I am a 33 year old woman with some sailing experience (but long ago!). I have wanted to crew a long trip my whole life and have never gone after that dream. I am finally in a place where I can actually leave everything with little consequence. Should I take a course? Will anyone want someone who knows very little aboard their boat? Where do I find courses and boats? Are there any courses that lead to getting aboard a boat as a crew member? Are there any courses that aren''t nights and weekends, so I can get through this course stuff full time? Help, please! email me at [email protected]


----------



## jack_patricia (May 20, 2001)

Hi, Kim...

You''ve got lots of choices so I''d suggest you refine your objective(s) a bit - IOW be picky and look more closely for what you really want out of a crewing experience. Prep for future offshore work? Just the one-time experience? So you can more comfortably crew in your local/regional waters as opportunities pop up? Refreshing your skills?Depending on what those goals look like, you''ll find options for any of those.

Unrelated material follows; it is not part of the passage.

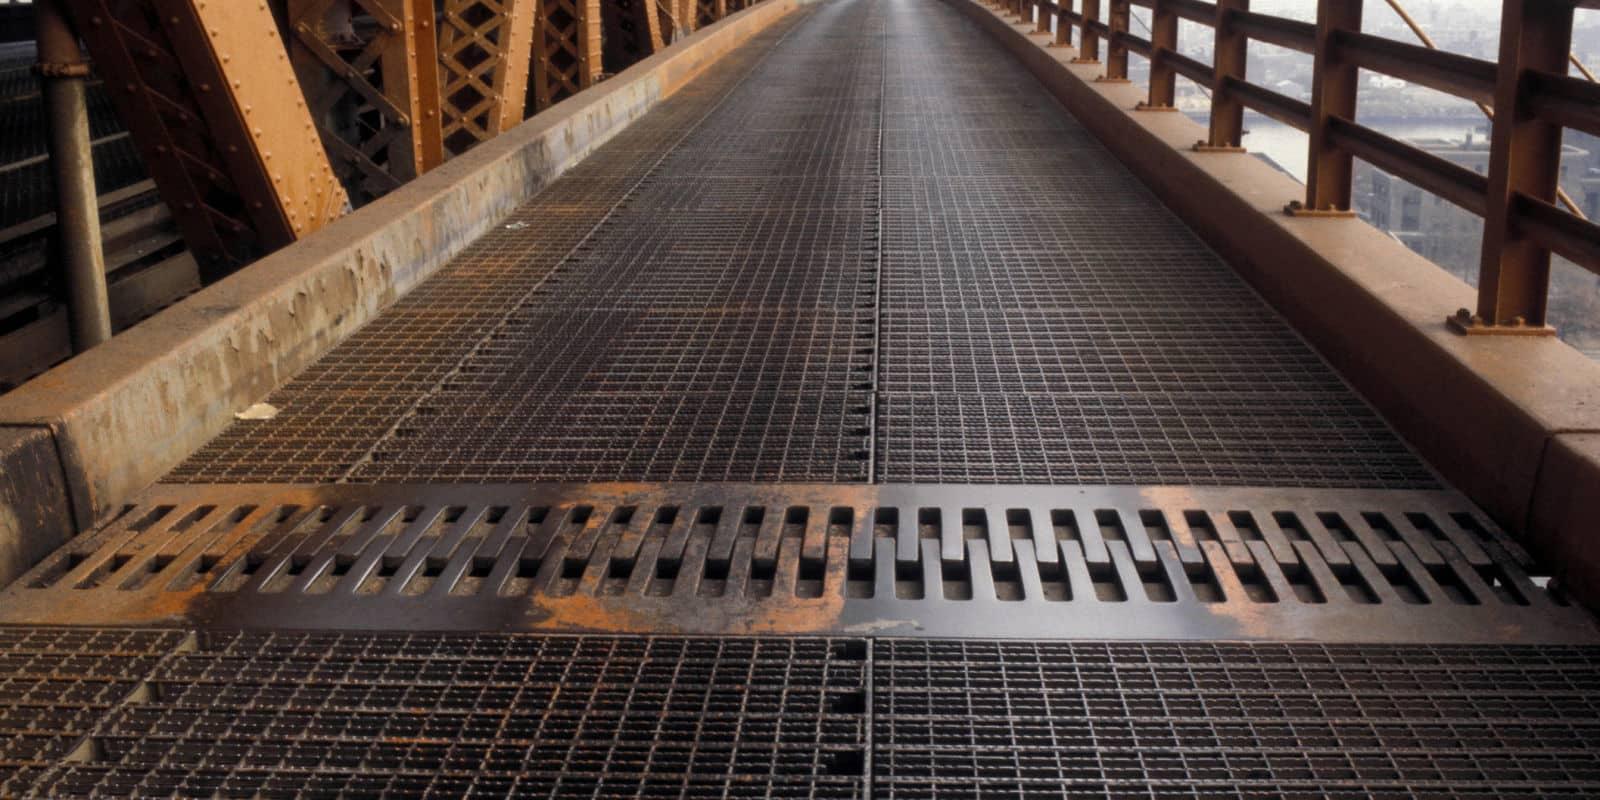 ¡Este material no se expande con el calor! Los futuros puentes podrían hacerse con una impresora 3D
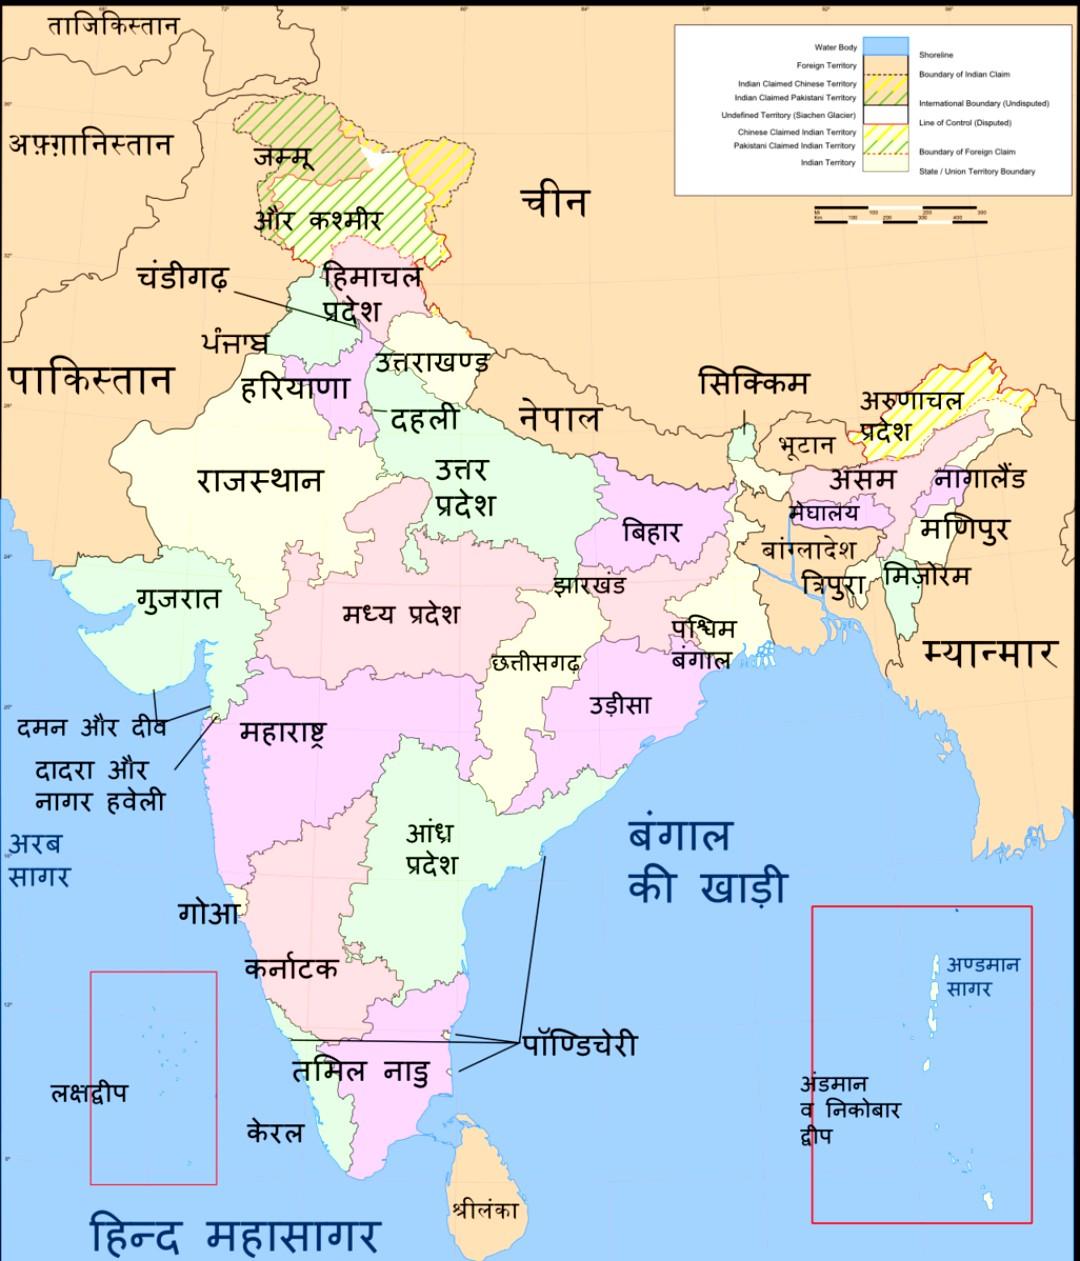 राज्य और केंद्रशासित प्रदेश में क्या अंतर है?

For a true ''cruising, offshore learning experience'' of the first caliber, check out John Neal/Amanda Swan''s ''real'' cruising berths - www.mahina.com. John is a true gentleman with 300,000+ offshore miles and a newer H-R 46 cutter. Amanda''s done it all, in the Big Leagues.

To be considered for a range of crewing opportunities (and the ability to respond on a moment''s notice will increase them greatly), visit Offshore Cruising Opportunities - http://www.sailopo.com/main.htm

There are many opportunities which are driven more by local circumstances, so where you are will shape them measureably. E.g. Orange Coast College operates a large coastal and offshore educational sailing program of first caliber...but it''s most convenient to folks living in So California, of course. Charter operations move boats between winter & summer cruising grounds twice a year, and crewing opportunities on those can be repeated multiple times. Manufacturers move boats routinely as driven by sales and, if a truck can''t get there, the boat will go on its own bottom 90% of the time. Many local/regional areas have sailing programs sponsored by local JC''s, by YC''s, by city/county Recreational Depts. and so on. You usually won''t find info on them here but rather by doing some local research. And finally, look for networking venues, e.g. by taking a refresher USCG basic seamanship or sailing course or U.S. Power Squadron course - good learning coupled with meeting others who may or may not be totally new to boating.

Good luck on finding a good berth!

Jack


----------



## harvh (Mar 12, 2001)

Take two courses. Go learn how to sail a dinghie. Then go take a blue water course. The dinghie will teach you real seat of the pants sailing. The blue water course will teach you safety and tell you if you really want to take this on. I''m envious of your ability to swing this. Please go for it, I have the boat, but no time.


----------